Maya knew the sound of Jake coming back from a run. It was a three-stage process. First, the visor would come off and he'd sit there for a full minute with his eyes open but not seeing anything in the apartment—just staring at the wall behind Maya's shoulder, his mouth slightly parted, his breathing shallow. Then he'd blink, once, hard, like he was pushing something out of his eyes. Then he'd reach for the pills on the side table. Blue ones for the anxiety. White ones for the sleep. Sometimes he took both. Sometimes neither.

"You were under for six hours," she said one evening, watching him sit through the three stages. The terminal's standby light blinked amber in the corner.

"Four. The Coalition adds two for buffer."

"Same thing."

"Not really. Buffer means they own you even when you're not there. That's the point."

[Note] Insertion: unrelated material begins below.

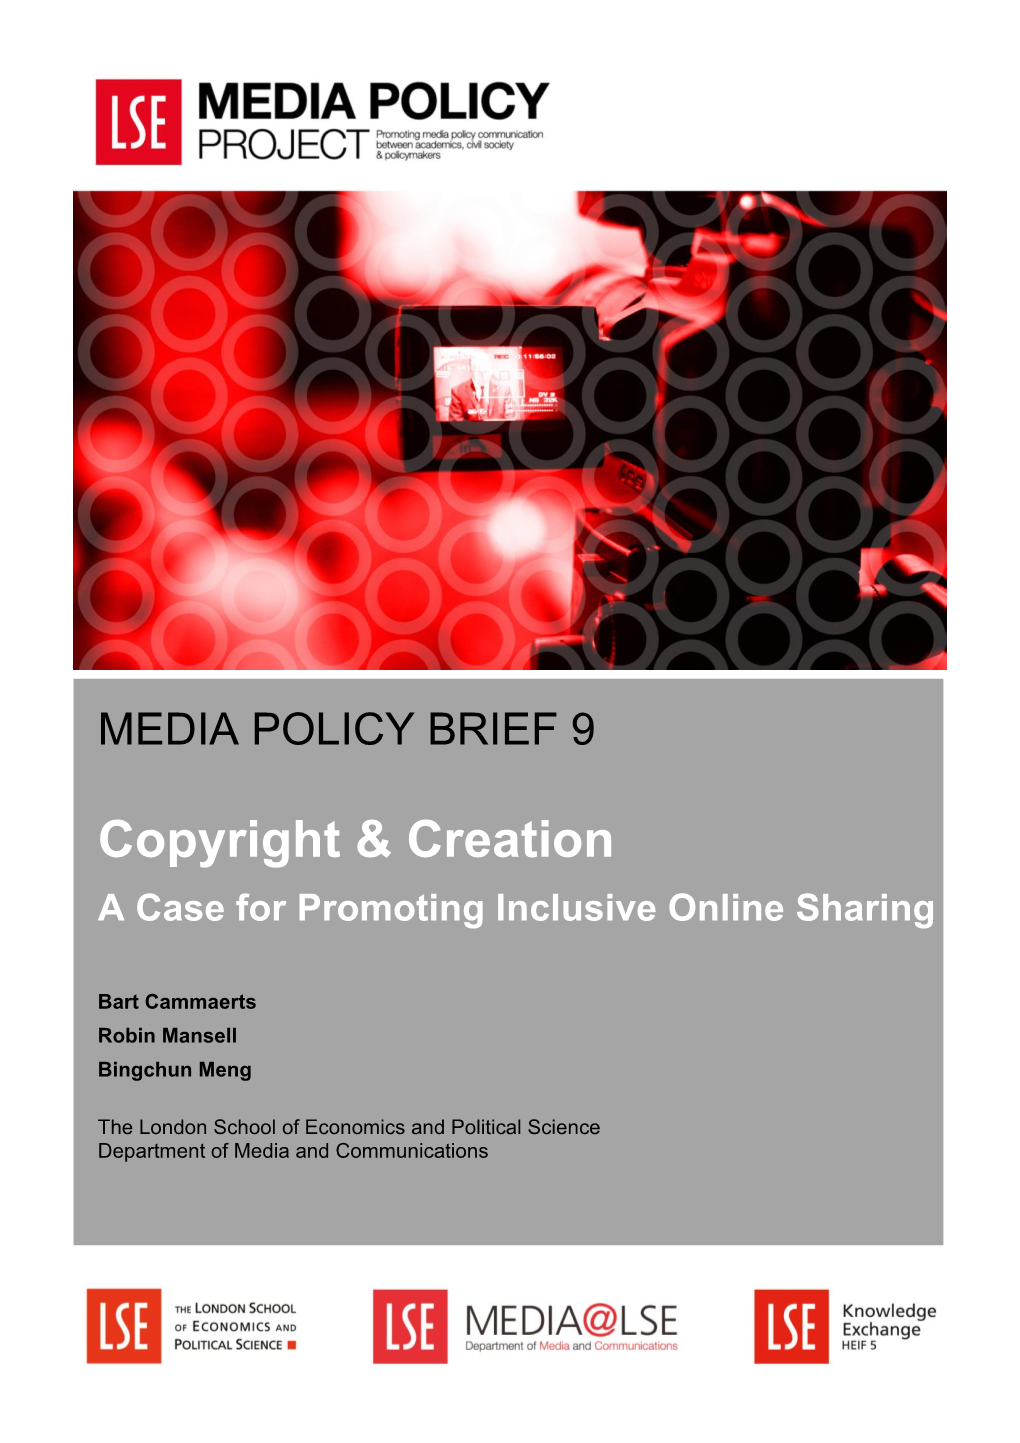 LSE MPP Policy Brief 9 Copyright and Creation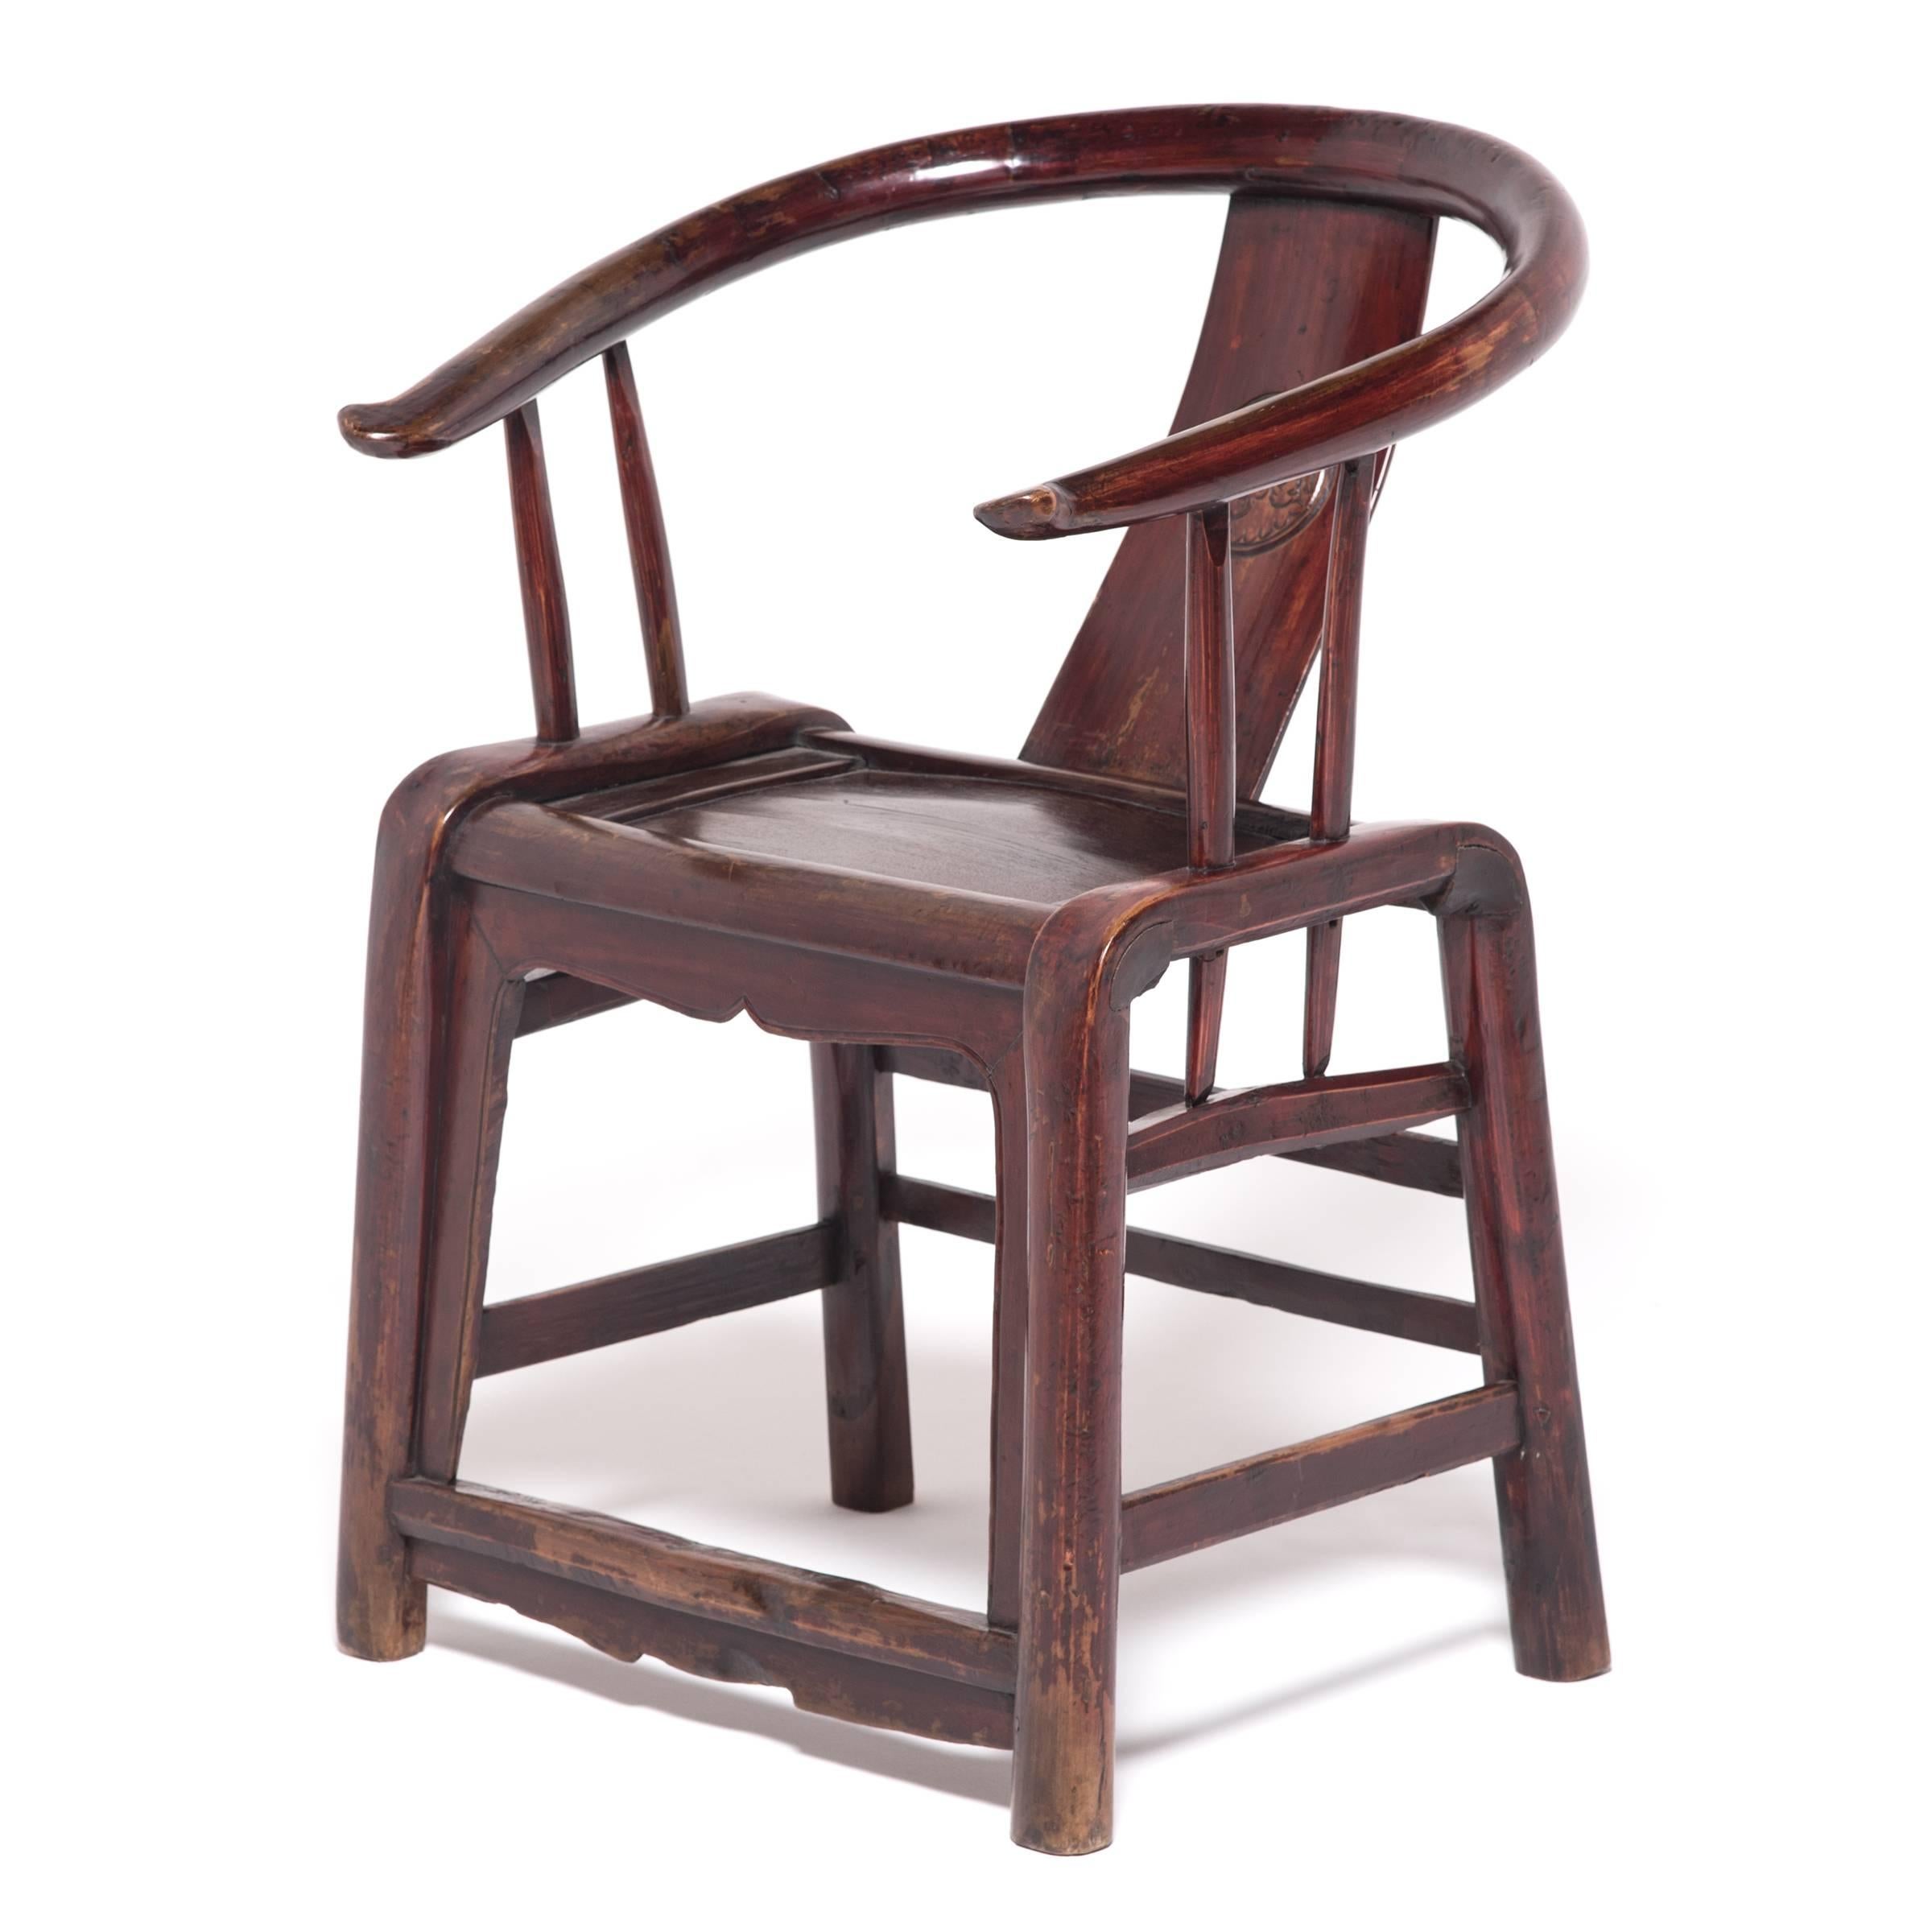 Prior to the 10th century, Chinese society eschewed raised seats in favor of mats. The rising popularity of chairs and other forms of elevated seating led craftsmen to adapt traditional cabinetry and architecture techniques to the human body. In the

She had learned to read his runs the way other people read weather patterns. When his hands shook afterward, it was a ground operation—something had gone hot on the surface. When he came back silent and still, it was aerial—just coordinates and fire, no close contact. When he couldn't remember what day it was, it was long-haul. More than twelve hours under, and the bleed-through was worse.

She found the encrypted drive in his duffel bag one Tuesday. It was tucked between a folded flight jacket and a stack of mission briefings, wrapped in a rubber band. She didn't mean to open it. She was looking for a screwdriver to fix the terminal's loose cable mount, and the drive fell out when she overturned the bag.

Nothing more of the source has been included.